China has accelerated development in its new energy sector, where it has emerged as a global leader as it was locked in an intense competition with the US. Like the EU, the US has also ramped up measures on Chinese goods. US President Joe Biden announced on Tuesday that Washington would quadruple the current duties on electric vehicles to 100 per cent, prompting condemnation from China.

China has long rejected Western accusations of overcapacity, calling their trade restrictions “discriminatory” and disruptive to global green development. In a three-way meeting with European Commission chief Ursula von der Leyen and French President Emmanuel Macron last week, Chinese President Xi Jinping called on the EU to “properly handle” the issue with China through dialogue.

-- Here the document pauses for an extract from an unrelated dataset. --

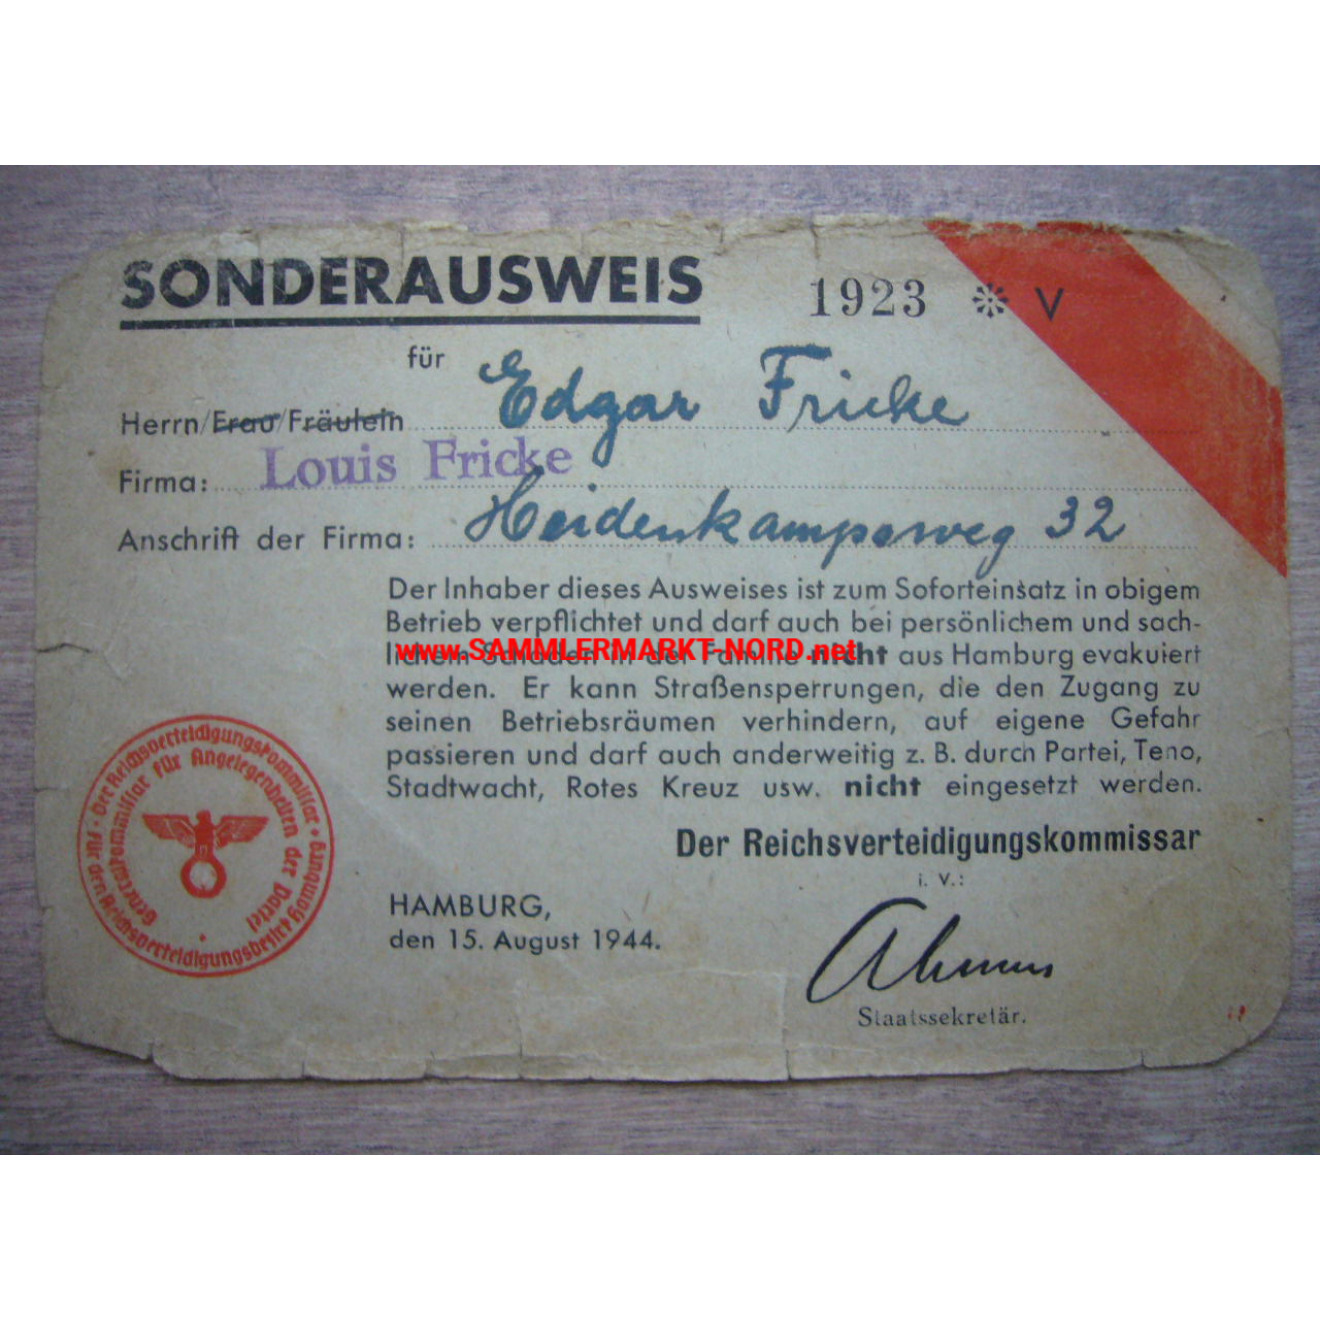 Special ID card - Reich Defense Commissioner - Hamburg 1944

De Ruyt said the EU is now in a “very sensitive situation” amid instability and unpredictability brought by the war in Ukraine and a possible return of former US President Donald Trump, while politicians are also more likely to risk using “protectionist” measures as the bloc’s parliamentary elections near.

Europe is increasingly divided on Ukraine policy as the war has stretched into a third year. While the EU attempts to present united political and financial support to Ukraine, concerns have risen that a second Trump administration could cut off aid to Ukraine and pro-Russian right-wing parties could gain more seats in the parliament.

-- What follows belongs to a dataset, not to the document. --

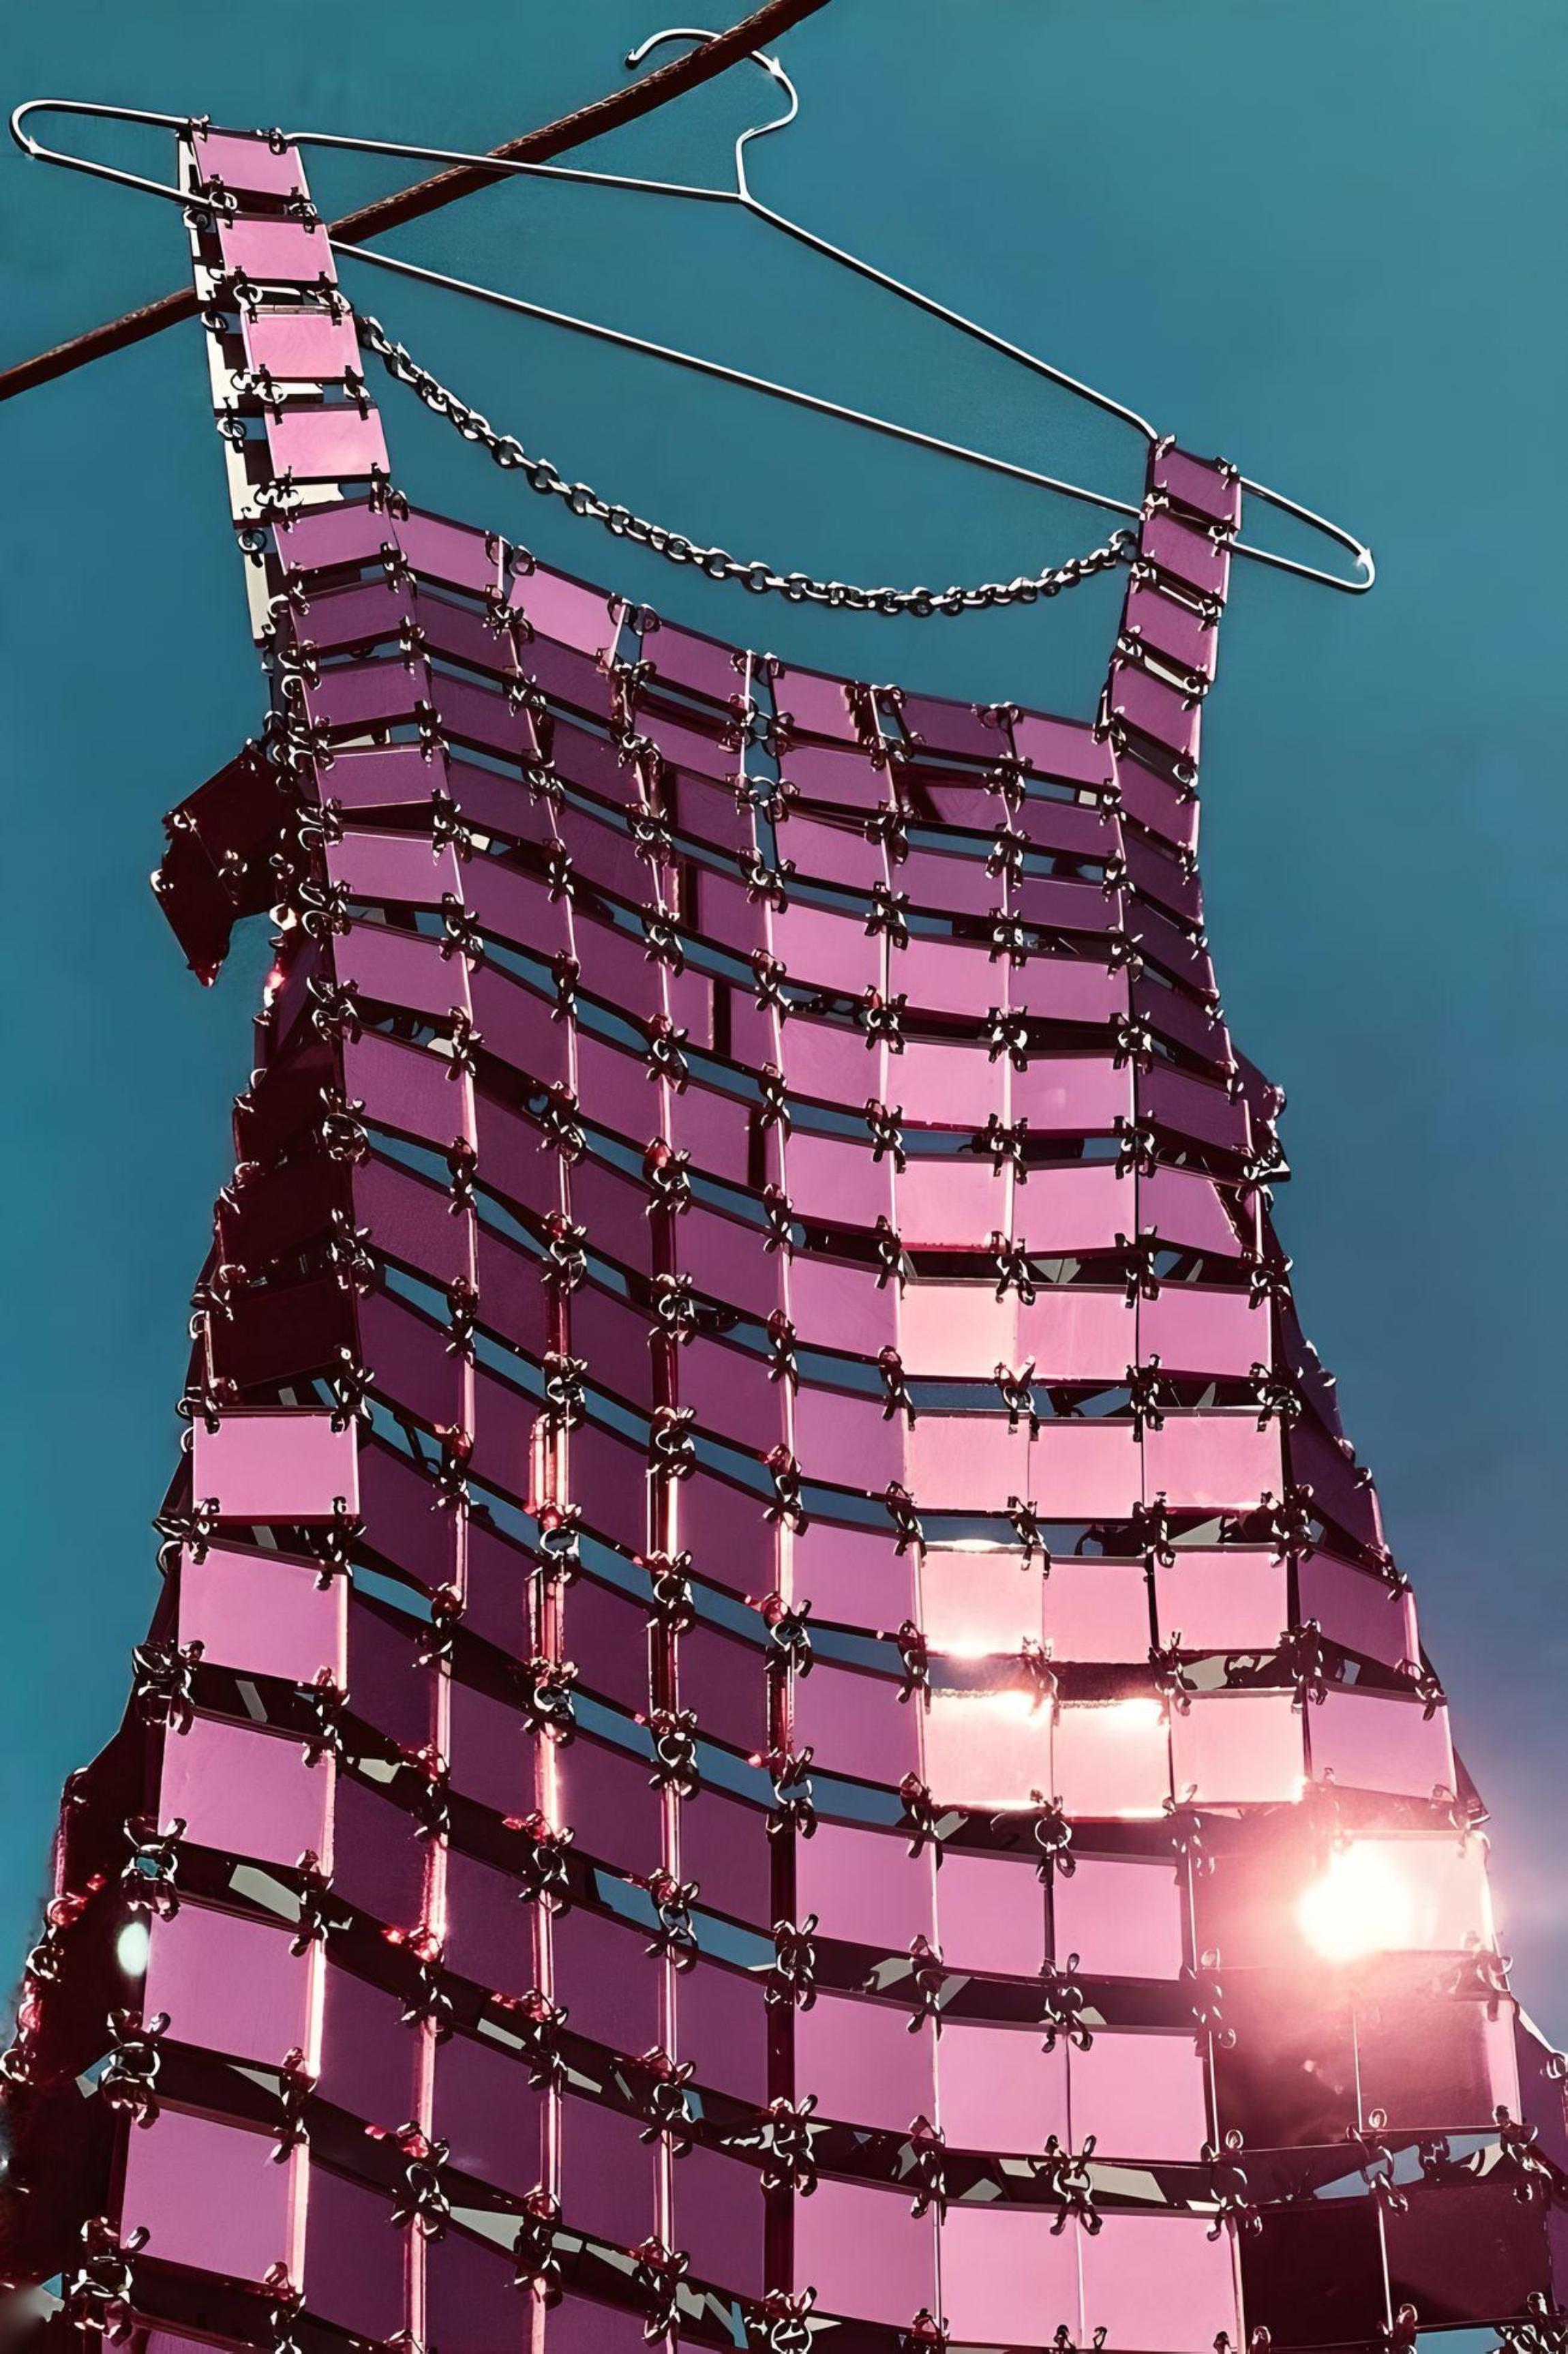 Square Mirrored Dress - Purple

Amid apparent cracks over a US security commitment to Ukraine, Xi’s tour to Europe last week – his first to the continent in five years – was seen by many as China’s attempt to drive a wedge between the EU and US.

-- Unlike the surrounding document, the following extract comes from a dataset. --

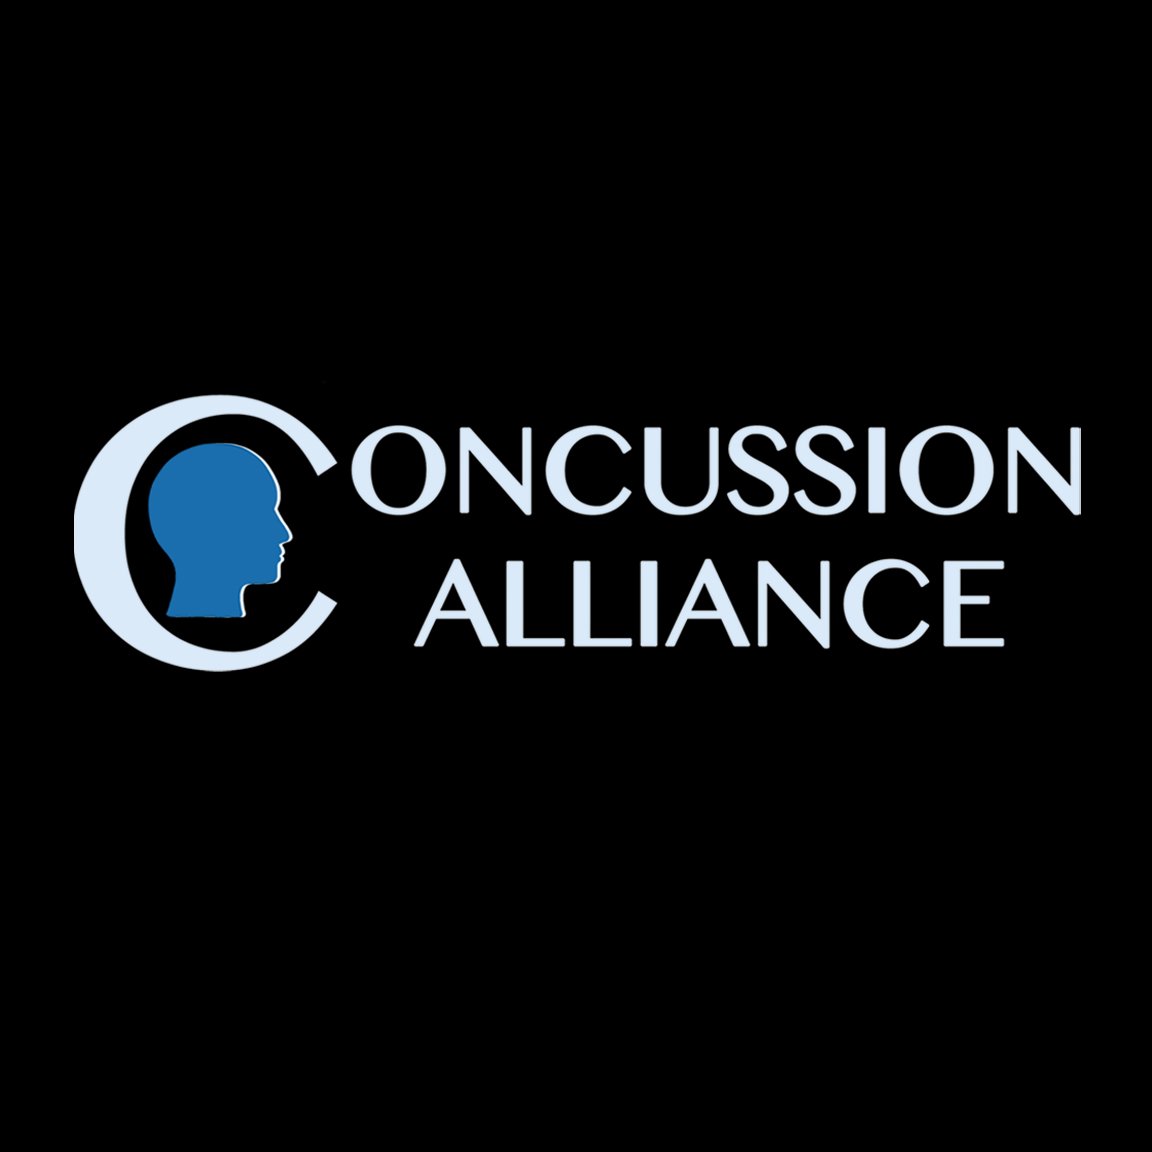 www.concussionalliance.org

China, which has positioned itself as a peacemaker in the conflict, has stepped up efforts to push for direct talks between Russia and Ukraine, which has suffered recent setbacks on the battlefield. Beijing’s special envoy, Li Hui, reportedly lobbied for Russia’s participation in the global peace summit in Switzerland next month, but the idea received a cold shoulder in Europe.

The EU has long been sceptical about China’s claim of neutrality in the war, and accused it of providing dual-use goods to Russia that empowers Moscow’s military industrial base.

In Europe, Macron appeared to have secured a Chinese commitment not to provide arms to Russia and to help control the flow of dual-use goods. But Xi also fended off Western criticism of China’s position on Ukraine, reiterating that Beijing did not start the war, nor is it a party to it, while warning against using the crisis to “cast blame” on China.

“We respect the fact that it is not the way China looks at the issue”, de Ruyt said, adding that China has played a positive role in openly opposing the use of nuclear weapons in the war.

“We would like, obviously, China to be on our side against Russia ... What we would not expect, or would not like, is if China would give lethal assistance to Russia.”